From the representation of Figure 2 it becomes apparent that the four actuators 60, 61, 66 and 67 engage at the four corners 68, 69, 70, 71 of the flange plate 80.
Each one of the four pneumatic actuators 60, 61, 66, 67 has a (pressure) cylinder 72 and a piston 73 arranged in said cylinder. Here, the piston 73 is connected to a corner point 68, 69, 70, 71 of the flange plate 80. By means of a control valve 77, which is connected to a pressure line of a pneumatic system (not shown in Figure 2) and via a control line to a control device 74 (here a computer with interfaces and control and regulation software), the pressure in the interior of the cylinder 72 and thus the tensile force exerted by the piston 73 on the flange plate 80 can be set or adjusted.
In order to be able to adjust the actual pressure in the interior of the cylinder to the target value, which is predetermined by the control device for the pressure in the interior of the cylinder 72, each actuator also has a pressure sensor 79 which detects the actual value of the pressure in the interior of the cylinder and conveys it via a measurement line to the control device 74.
In addition, each actuator 60, 61, 66, 67 has a position encoder 78 which is also connected via a measurement line to the control device 74. The position encoder 78 detects the current actual position of the piston and conveys this position to the control device 74.
A temperature sensor 75 is arranged on the base body 62 of the furnace muffle and detects the temperature T of the base body 62. The temperature sensor is also connected via a measurement line to the control device 74 and it conveys the actual value of the temperature of the base body 62 to said control device.
The furnace muffle 51, furthermore, comprises a heating device 82 (see Figure 1), which makes it possible to heat the base body 62 in sections along its longitudinal direction. In the represented embodiment, the heating device 82 has four heaters for this purpose, each of which heats a section of the base body. The heaters here are controlled so that, at the time of the startup of the furnace, they heat the base body successively starting from its outlet-end. In other words, at the time of the startup of the furnace, the inlet-side end of the base body reaches the operating temperature of the annealing furnace last.

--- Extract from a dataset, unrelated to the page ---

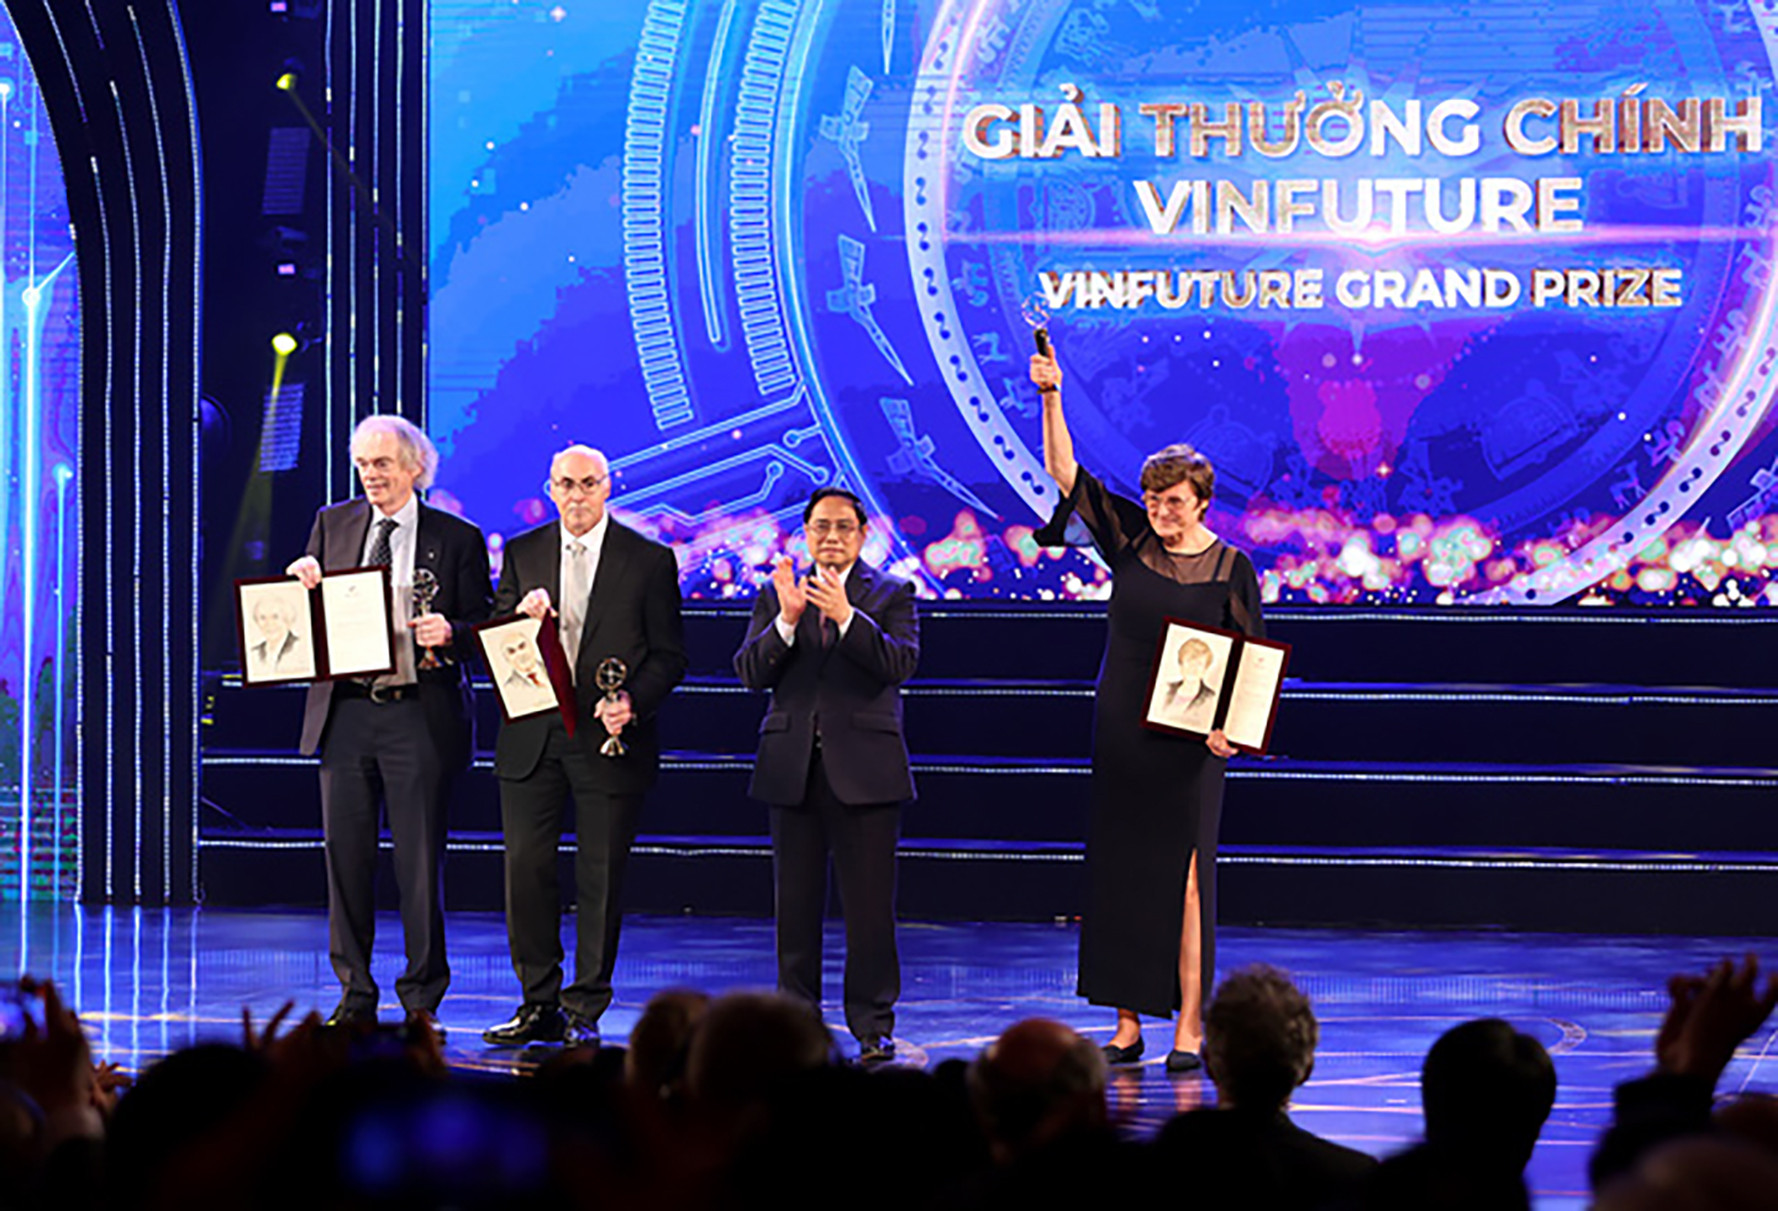 Quốc tế có cái nhìn mới về Việt Nam qua Giải thưởng Vinfuture. Ảnh: Nhật Bắc/Baochinhphu

In order to better understand the control mechanism which is used for stretching the furnace muffle or its base body, said mechanism is now described using a concrete example.
If the base body 62 of the furnace muffle 51 is heated, then this base body, which is made of steel, assumes a consistency that makes it plasically deformable. Owing to the force of gravity, the walls and the cover of the base body start to collapse. Stretching the base body by means of the actuators 60, 61, 66, 67 counteracts this collapse.
In order to be able to carry out this stretching in the most controlled manner possible, at the time of the startup of the furnace, the base body 62 of the furnace muffle 51 is first heated at its outlet-side end and the heating then continues successively, i.e., in small segments, until the inlet end is reached. In this manner, in each case only a section of the base body 62 defined by the respective heater is stretched by the actuators 60, 61, 66, 67.
An incipient collapse of the walls of the base body 62 first leads to some shortening of the base body. At a constant pneumatic pressure in the interior of the cylinder 72 of the actuators, a shortening of the base body 62 leads to the pistons 73 of the actuators 60, 61, 66, 67 leaving their initial starting position and moving in the direction toward the muffle holder 76. This position change is detected by the position encoders 78 of the actuators 60, 61, 66, 67.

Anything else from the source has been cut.